Celebrate Independence from Law School Loans
For a long time, law school seemed like a dream come true. Three more years of school, and suddenly a comm major with no job skills whatsoever can make $160K at a law firm tastefully decorated with Chinese vases. Except, as with most balance sheets, you have to keep track of the money going out as much as the money coming in. For a law school student, that can mean racking up as much as $100k or more in debt before setting foot into a job. And in this recessive economy, with big firms pushing back start dates of first year associates or buying them off to get out of offering permanent jobs altogether, being aware of law school loans is even more critical.
Let’s say you just graduated from law school and are $100k in debt. And that’s accruing interest at 6% (rates fluctuate so we picked a reasonable number). If you want to pay back your loans in 15 years, this means your monthly payment has to be $850. Which means you need to be making approximately $1,400 in order to make that payment. And that’s before you’ve even contemplated rent, a car payment, a cell phone, or the newest CD from Britney Spears (she’s hot again; we should encourage that with patronage).
Which means that you can’t just graduate from law school with your $100k in loans and decide that you want to become the next poet laureate. Not a lot of money in poetry these days. Or even accept a lower-paying job in public interest saving the whales. Not a lot of money in whale-saving, either. In effect, unless you have another means to earn the money you need to stay indoors and pay off your loans, you’re stuck being a lawyer who makes a decent amount of money. Which for some people means a job in law that they’re not in love with. For a bunch of years.
Which is why, when The National Law Journal reported on the fact that legislation that promises loan forgiveness for graduate students goes into effect on July 1, we perked up like Scrappy-Doo upon spying a Scooby Snack. The program, as we understand it, essentially provides for two different options:
1. Loan forgiveness for public interest workers. After 10 years of payments, the remaining loan balance (for those who qualify) will be forgiven.
2. Income-based repayment option that can cap payments at 15% of the borrower’s discretionary income. After the borrower makes qualifying payments for 25 years, the federal government will forgive any remaining loan debt.
So for the first time in a long time, law students graduating with significant loans don’t necessarily have to be chained to the big law firm oar or rely on daddy’s trust fund (if you’re lucky enough to have one).

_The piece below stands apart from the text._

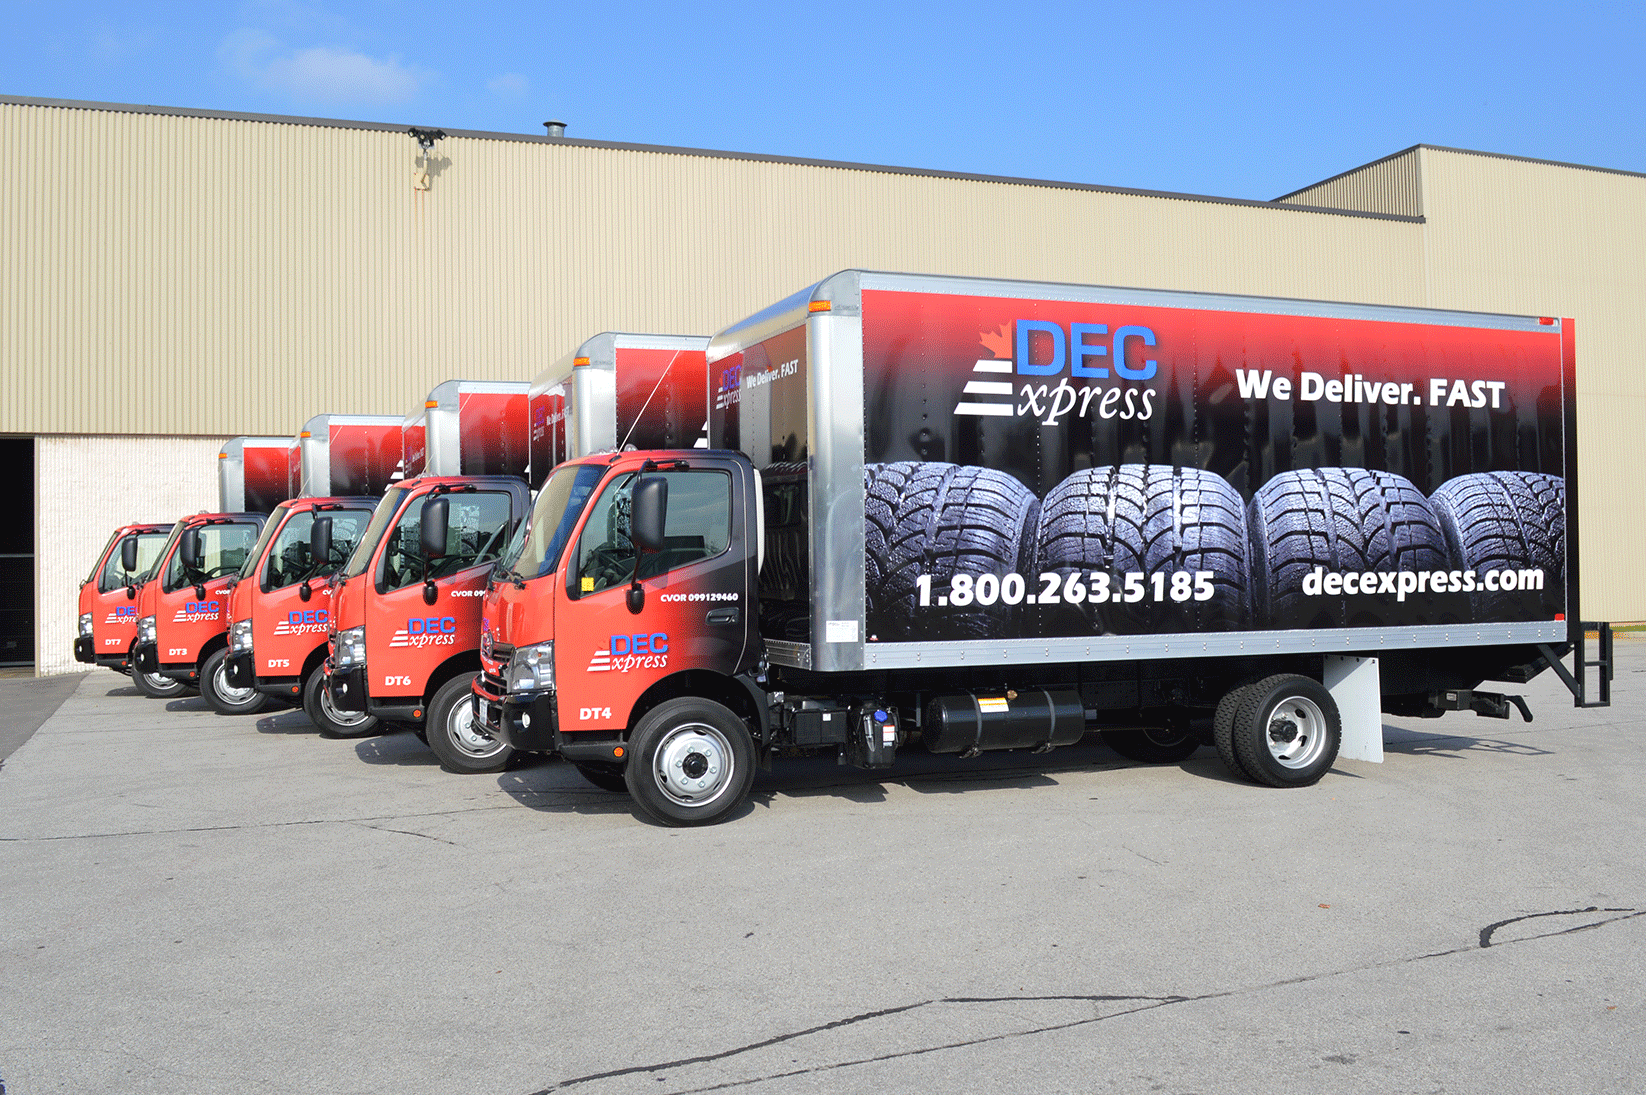 A fleet of cube trucks wrapped in the same fleet graphics to create branding on the company's commercial vehicle fleet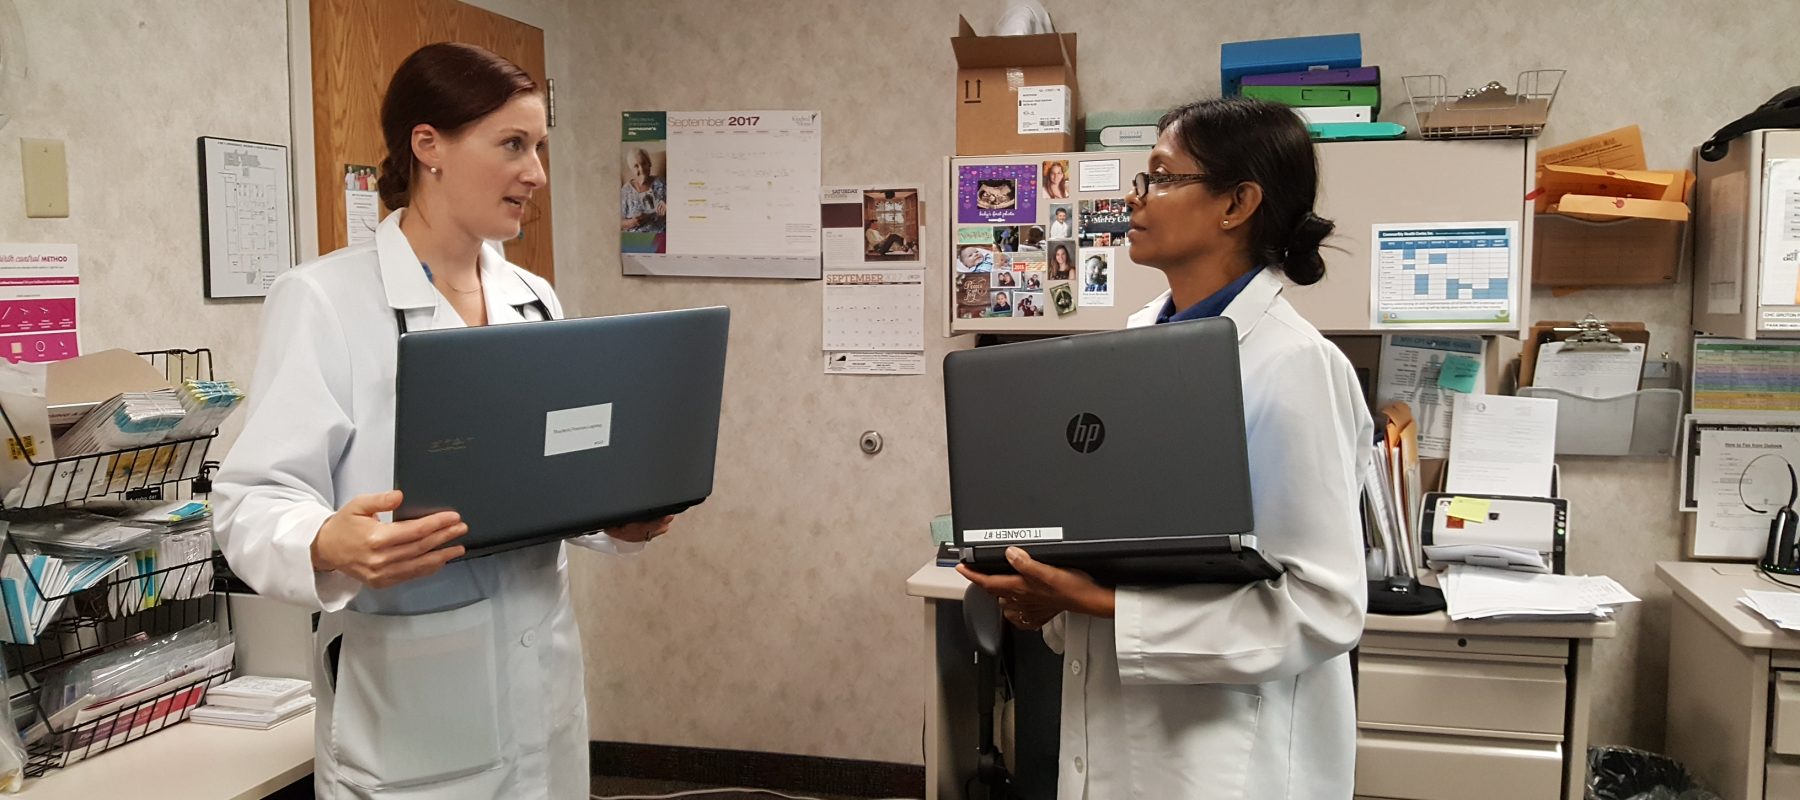 Two women in white coats talking to each other holding laptops in a doctors office

You can actually work for the NAACP or start that girl rock band and not have to be in significant debt for the rest of your life.
Provided you qualify, of course. And this is a big caveat because if there’s one critique the new legislation has already received, it’s that the rules and qualifications can be murky. So read carefully to find out if the new loan programs work for you. But if they’re as good as they sound, it might just be the best news we’ve heard for the legal profession in a very long time.